* **Dataset section**
________________

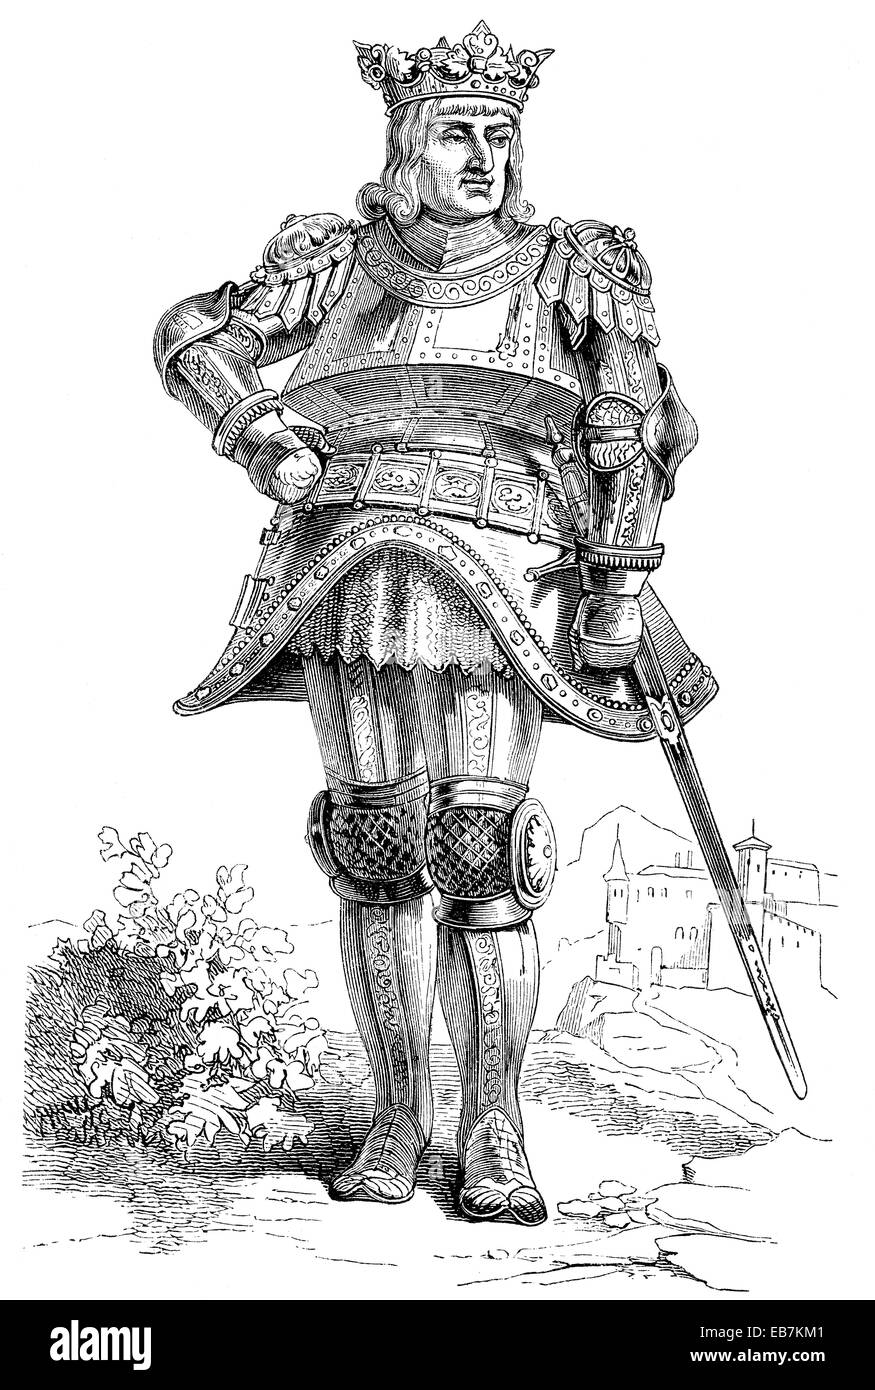 Rudolf I or Rudolf of Habsburg, 1218 - 1291, King of the Romans, Rudolf von Habsburg, 1218 - 1291, der erste römisch-deutsche Kö Stock Photo
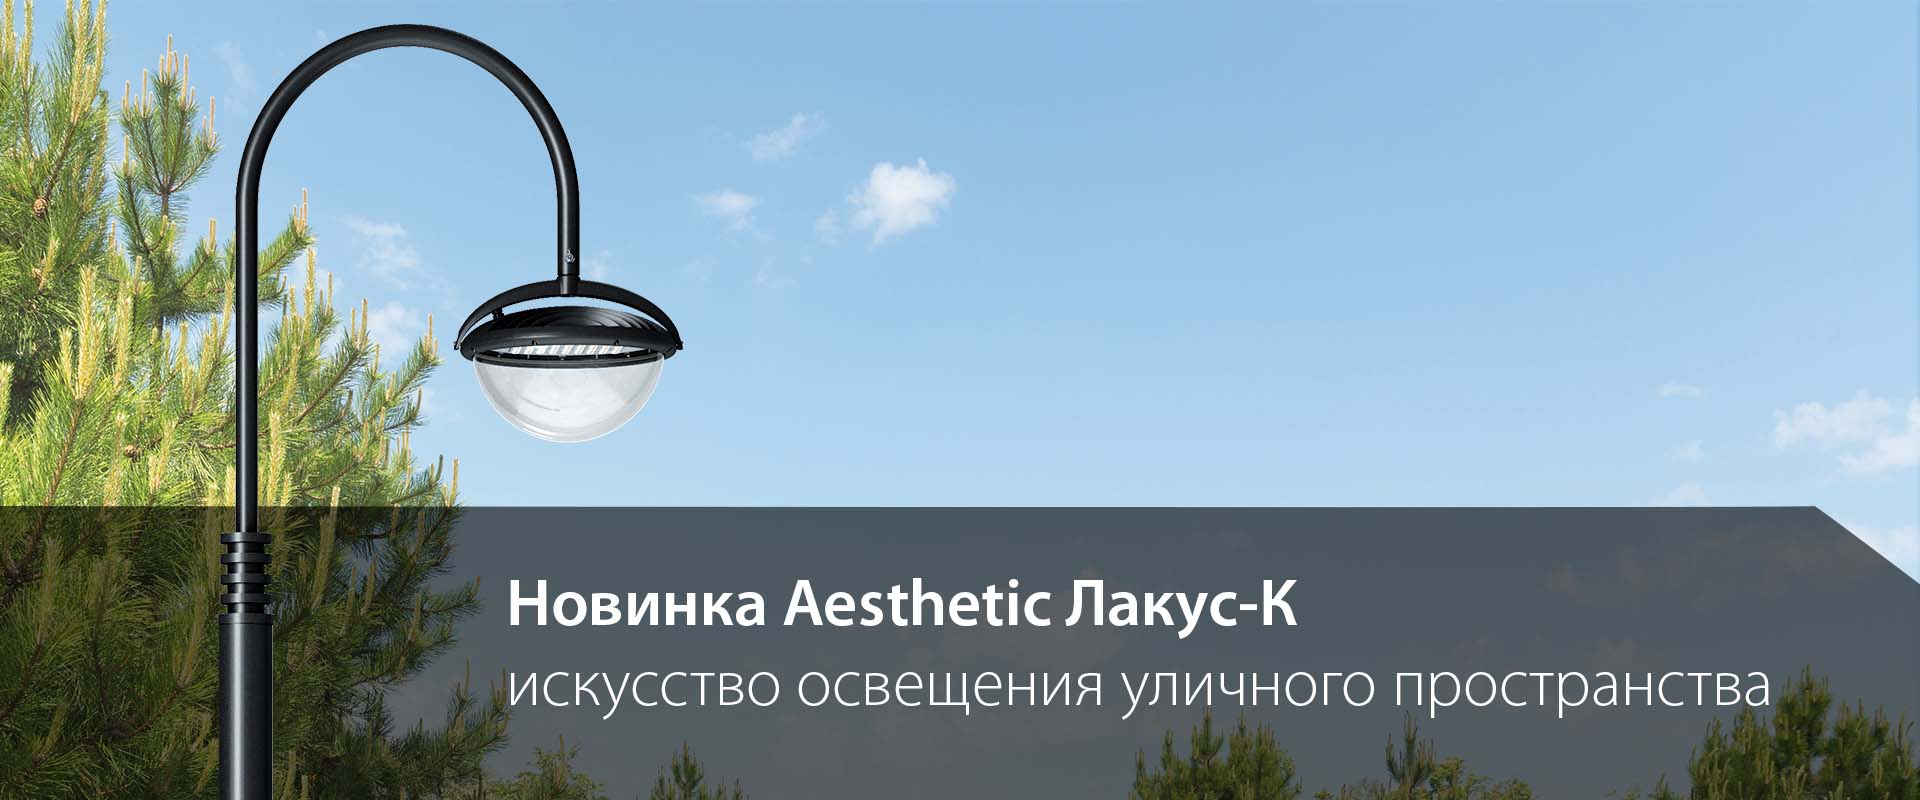 Лакус-К – новый осветительный комплект из линейки Aesthetic!
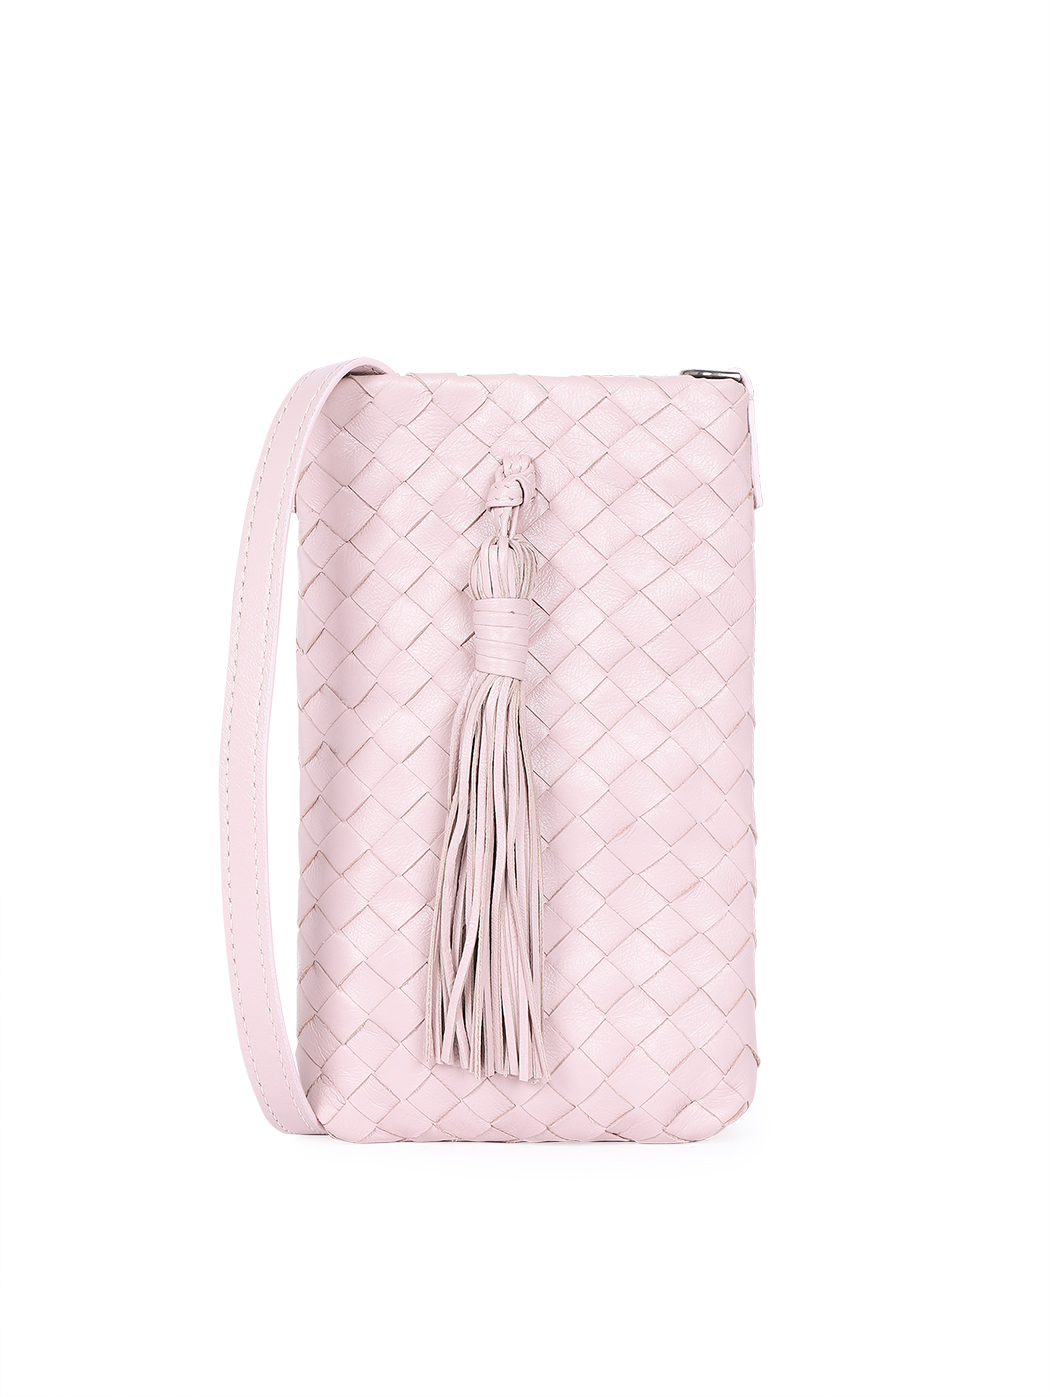 Плетеная сумочка кросс – боди для телефона коллекции Intrecci розового цвета
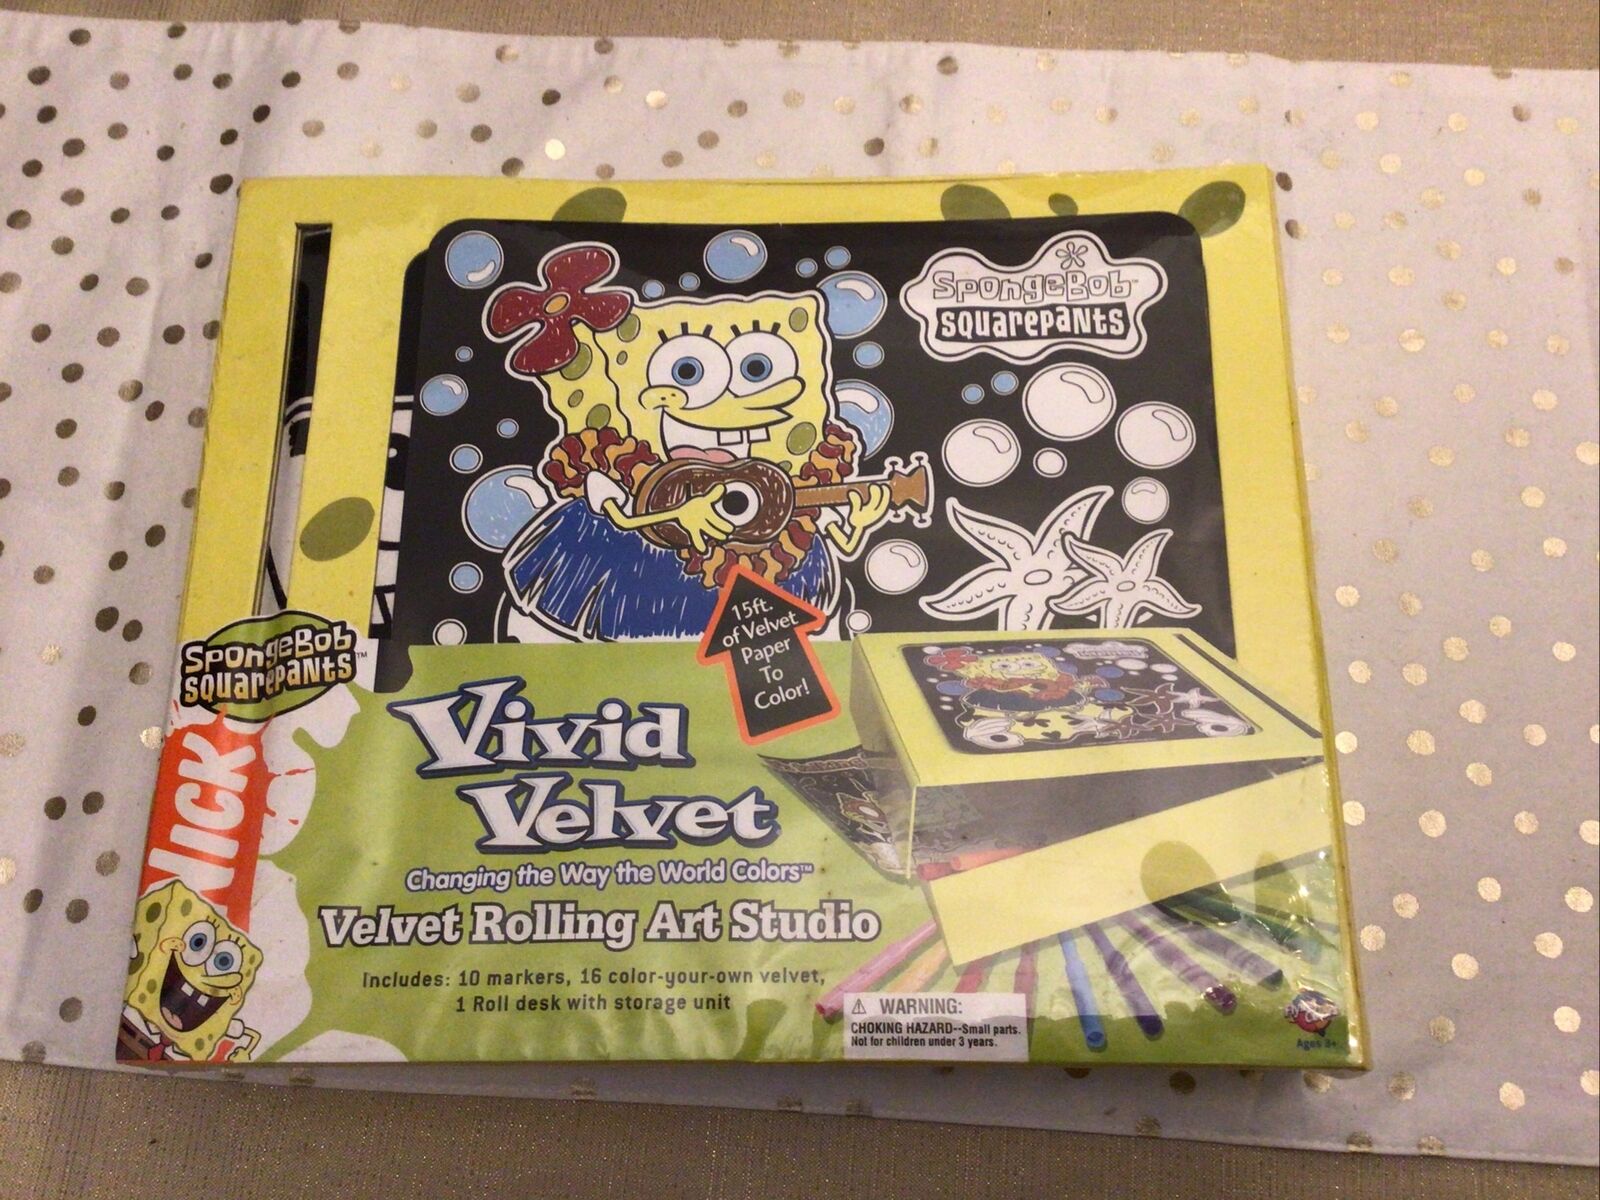 Vivid Velvet Spongebob Squarepants Velvet Rolling Art Studio Kit New In Box

________________

* **Assigned task**
In your copy, restate the data above word for word but leave out any picture.

* **Task output**
 Rudolf I or Rudolf of Habsburg, 1218 - 1291, King of the Romans, Rudolf von Habsburg, 1218 - 1291, der erste römisch-deutsche Kö Stock Photo
 Лакус-К – новый осветительный комплект из линейки Aesthetic!
 Плетеная сумочка кросс – боди для телефона коллекции Intrecci розового цвета
 Vivid Velvet Spongebob Squarepants Velvet Rolling Art Studio Kit New In Box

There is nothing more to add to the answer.